Коснемся последнего аспекта, который связан с двумя предшествующими и может иметь силу как в том, так и в другом, а именно чудес, играющих главную роль во всем религиозном круге. Мы можем охарактеризовать чудеса как историю исправления непосредственного природного существования. Действительность окружает нас как некое низменное, случайное существование; это конечное затрагивается божественным. Непосредственно вторгаясь в стихию внешнего и частного, оно разламывает его, искажает, делает его иным тому, чем оно было раньше, и нарушает естественный ход вещей. Изображение души, захваченной такого рода неестественными явлениями, в которых она будто бы познает наличие божественного, — души, побежденной в своем конечном представлении, — такое изображение представляет главное содержание многих легенд. Но в действительности божественное может существовать в природе и управлять ею только как разум, как неизменные законы самой природы, вложенные в нее богом; божественное не должно проявлять себя в качестве божественного в обстоятельствах и действиях, нарушающих законы природы, ибо только вечные законы и определения разума управляют природой.

Легенды часто нелепы, безвкусны, бессмысленны и смешны, так как ум и душа должны верить, что бог присутствует и действует в том, что само по себе лишено разумности, ложно и небожественно. Умиленность, благочестие, обращение могут представлять известный интерес, но только с одной, внутренней стороны. Поскольку эта внутренняя сторона вступает в связь с другой стороной, с внешним, и это внешнее должно содействовать обращению души, внешнее перестает быть в самом себе чем-то бессмысленным и неразумным.

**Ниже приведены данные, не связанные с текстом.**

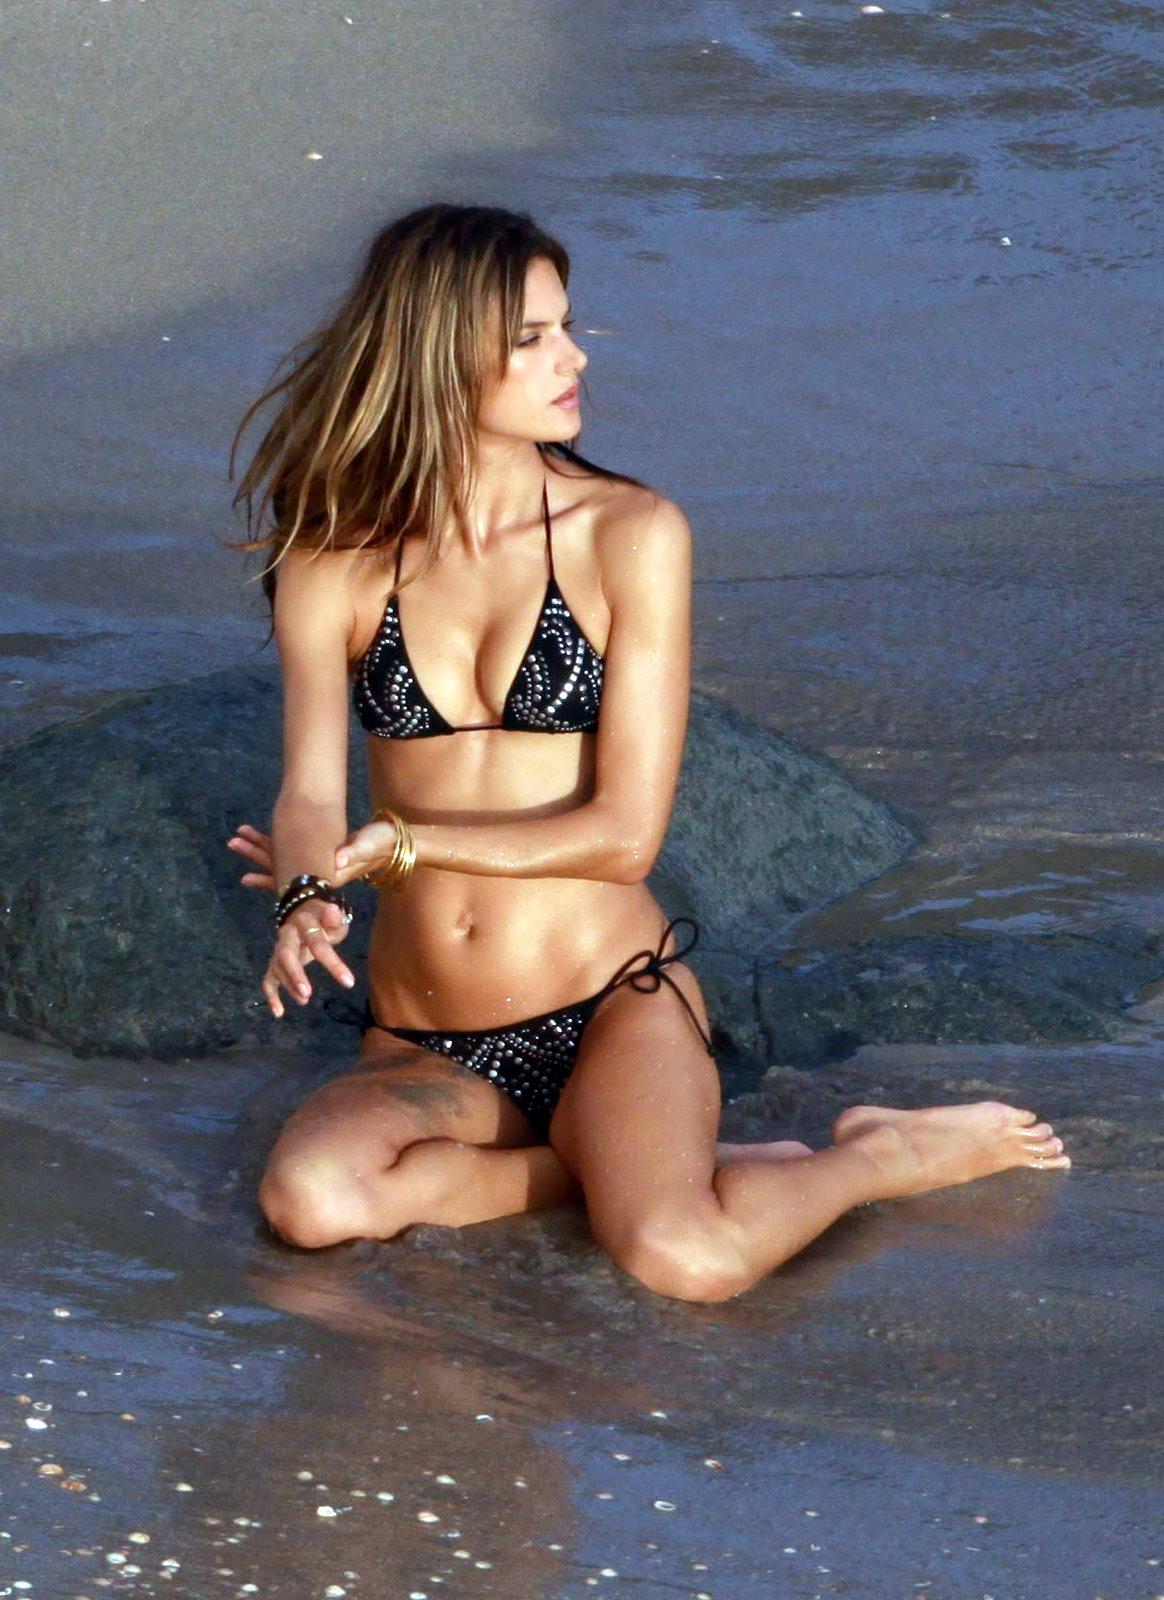 [Alessandra_Ambrosio_Bikini_09110056.jpg]

Таковы основные моменты субстанциального содержания, которое в этом круге имеет значение божественной природы и процесса, посредством которого и в котором оно существует как дух. Это абсолютный предмет, который искусство не творит и не открывает из самого себя, а берет из религии; сознавая, что он является в себе и для себя истинным, искусство стремится выразить и изобразить его. Это содержание верующей, тоскующей души, являющейся внутри себя бесконечной целостностью; внешнее остается здесь более или менее внешним и безразличным, не достигая полной гармонии с внутренней жизнью, и поэтому часто становится враждебным и не поддающимся искусству материалом.

b) Внутреннее покаяние и обращение

Противоположный способ изображения в той же сфере отвлекается, с одной стороны, от внешних мук тела, а с другой — от отрицательной направленности против в себе и для себя правомерного в земной действительности, получая и в отношении содержания и в отношении формы почву, более соответствующую идеальному искусству. Этой почвой является исправление внутреннего мира, которое теперь выражается в его духовном страдании, в обращении души. Благодаря этому здесь, во-первых, исчезают жестокие и отвратительные истязания тела; во-вторых, варварская душевная религиозность уже не восстает против нравственной человечности, чтобы в абстракции чисто интеллектуального удовлетворения насильственно попирать всякое другое наслаждение в боли абсолютного отречения. Она восстает только против того, что на самом деле является греховным, преступным и дурным в человеческой природе.

Существует великая уверенность, что вера, эта внутренняя направленность духа на бога, способна превратить совершенное деяние в нечто чуждое субъекту даже в том случае, когда оно представляет грех и преступление, — что вера может превратить его в несовершившееся, смыть его. Это отступление от злого, абсолютно отрицательного, действительно осуществляющееся в субъекте, после того как субъективная воля и дух отвергли и уничтожили себя как злое начало, которым они были раньше, — это возвращение к положительному, укрепляющееся теперь внутри себя как подлинно действительное, вопреки прежнему греховному существованию, — есть истинно бесконечная сила религиозной любви, присутствие и действительность абсолютного духа в самом субъекте.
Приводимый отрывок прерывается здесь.